» PROVIDED MATERIAL
────────────────────

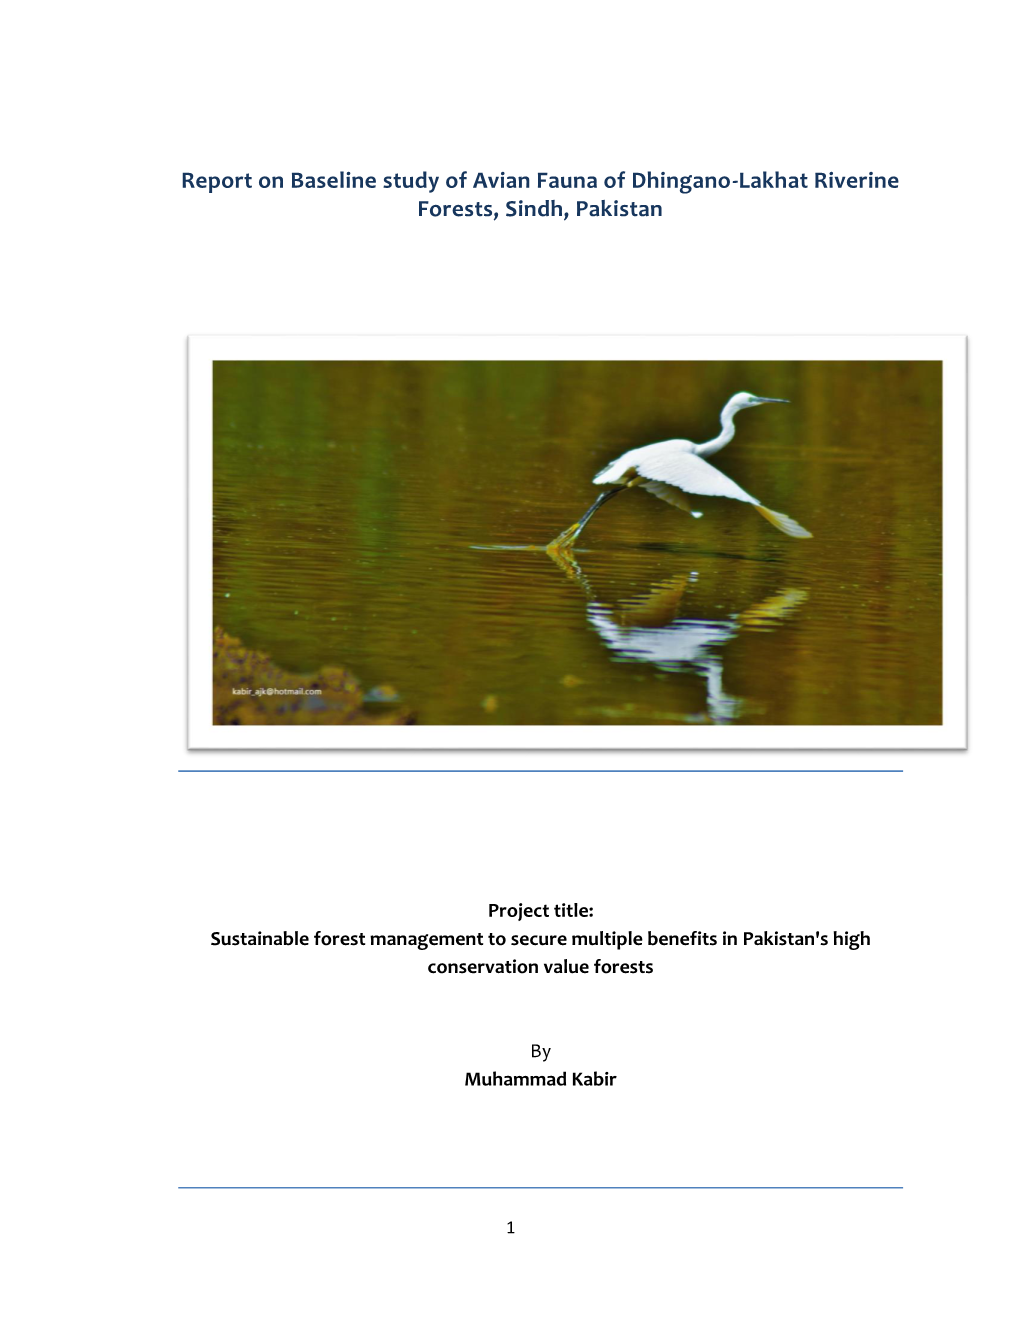 Report on Baseline Study of Avian Fauna of Dhingano-Lakhat Riverine Forests, Sindh, Pakistan
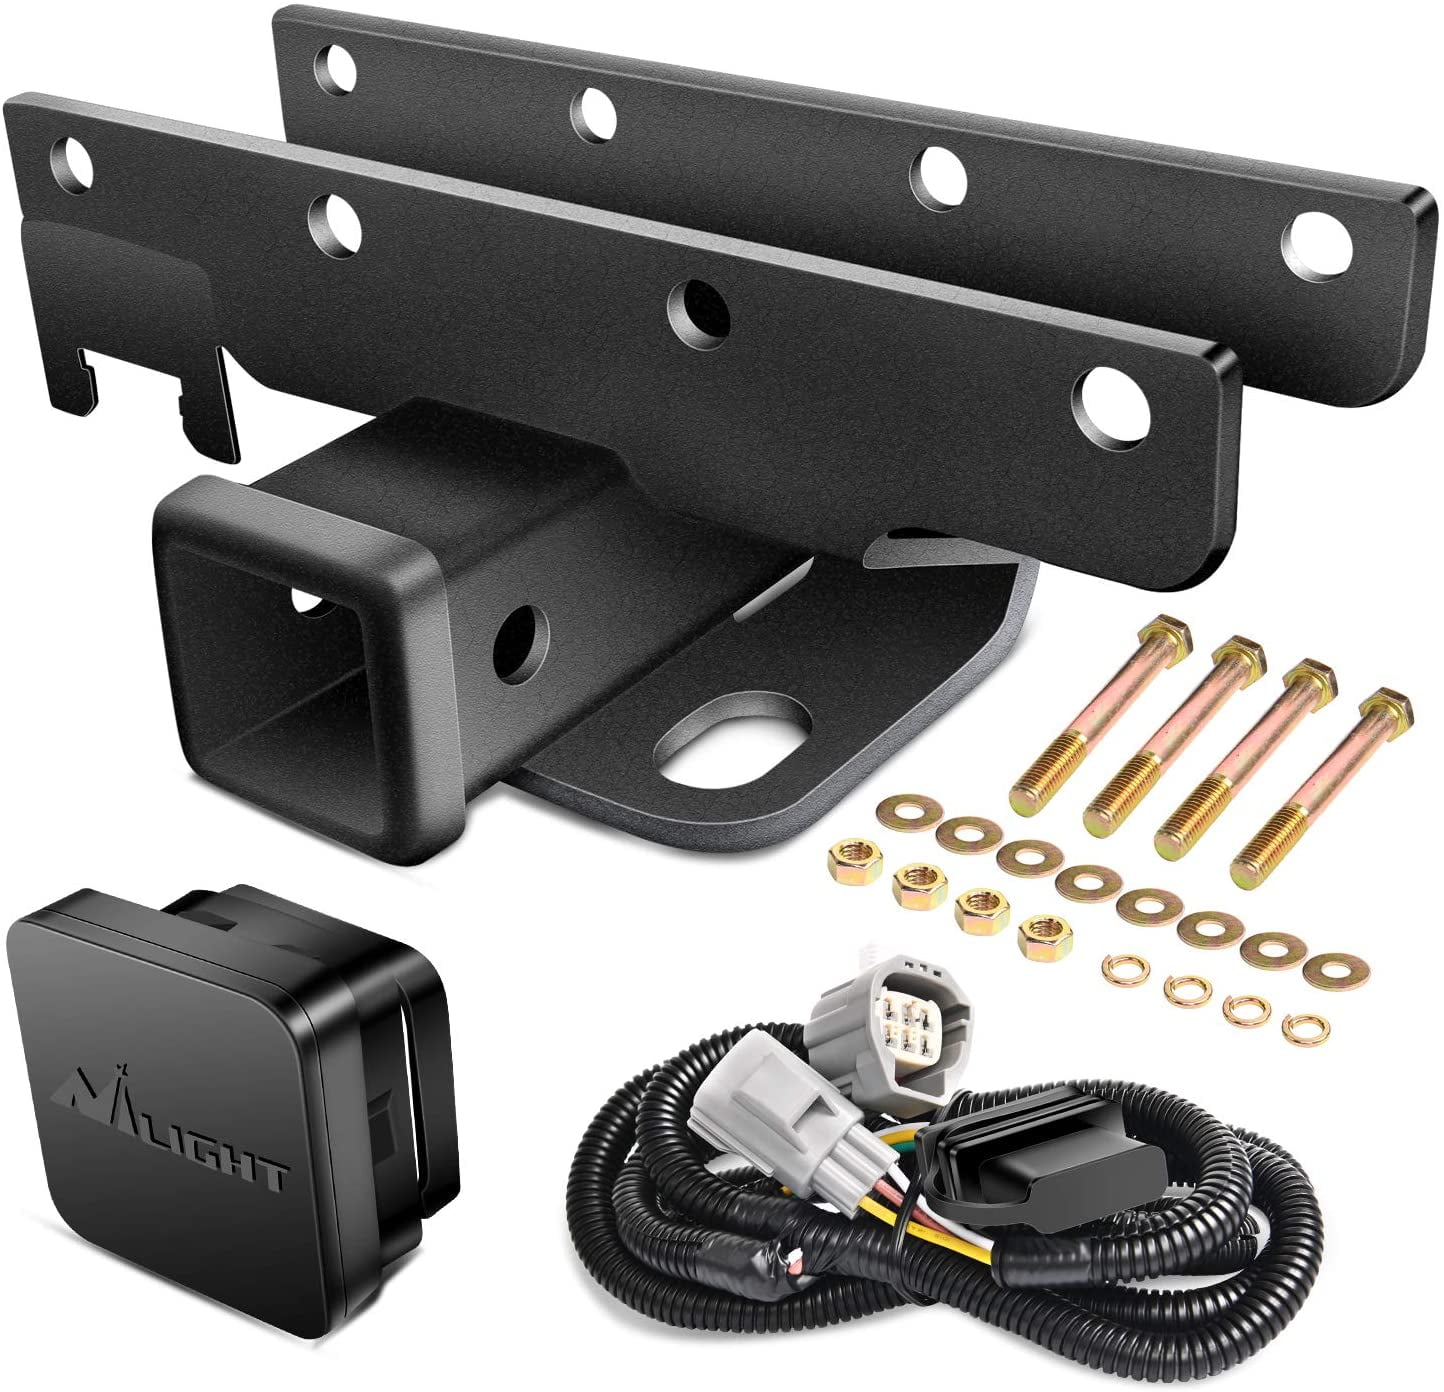 Nilight 2 inch Rear Bumper Tow Trailer Hitch Receiver Kit for
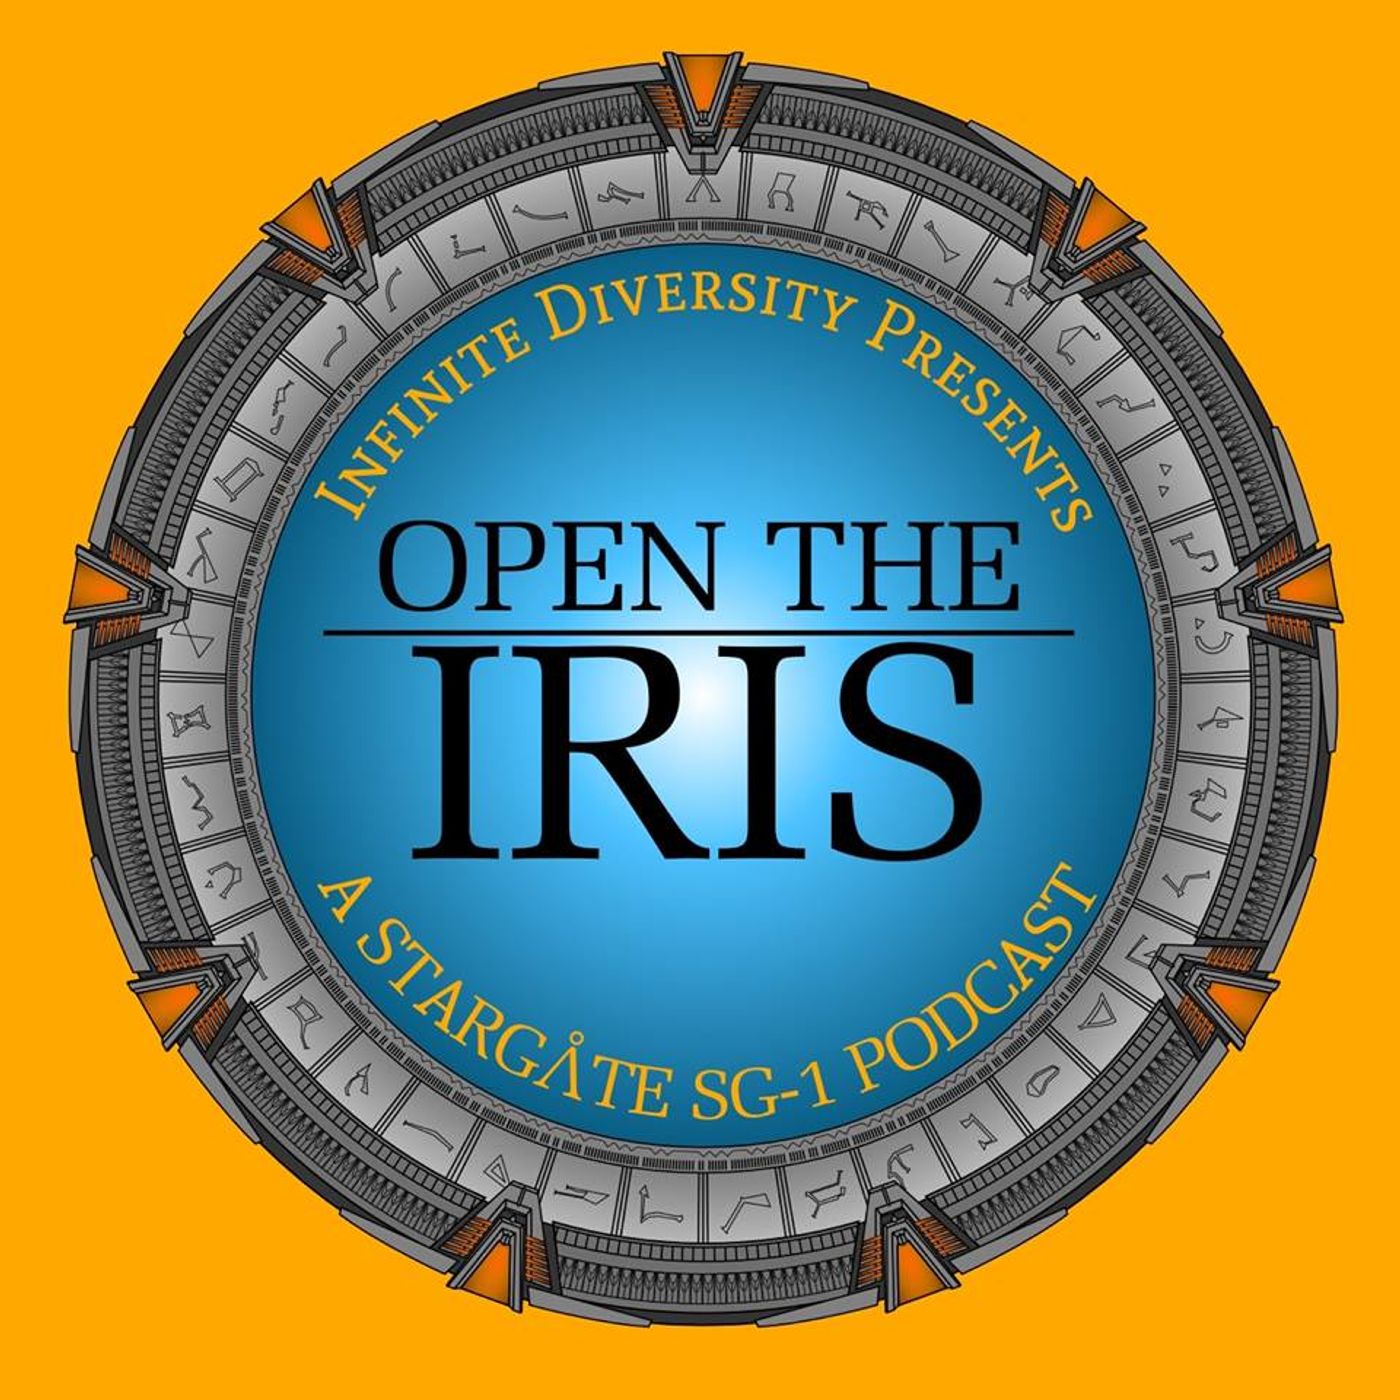 Open The Iris Episode 17: Scorched Earth
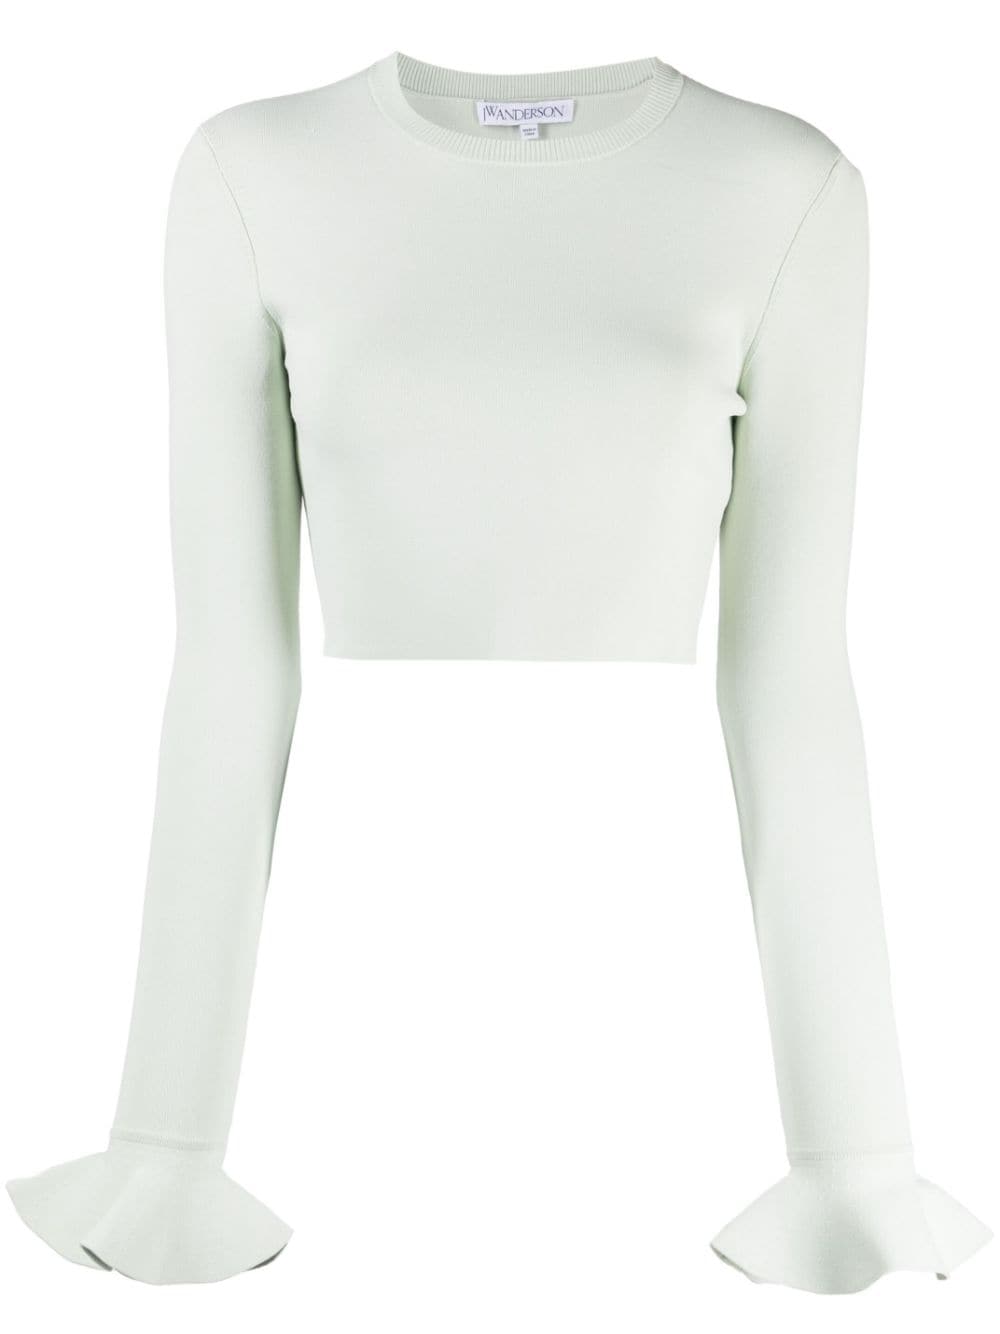 JW Anderson ruffle-detail cropped top - Green

────────────────────

» WHAT THE TASK ASKS
Give the data again exactly as it stands, apart from the pictures.

» RESPONSE AREA
 Report on Baseline Study of Avian Fauna of Dhingano-Lakhat Riverine Forests, Sindh, Pakistan
 Nilight 2 inch Rear Bumper Tow Trailer Hitch Receiver Kit for
 Open The Iris Episode 17: Scorched Earth
 JW Anderson ruffle-detail cropped top - Green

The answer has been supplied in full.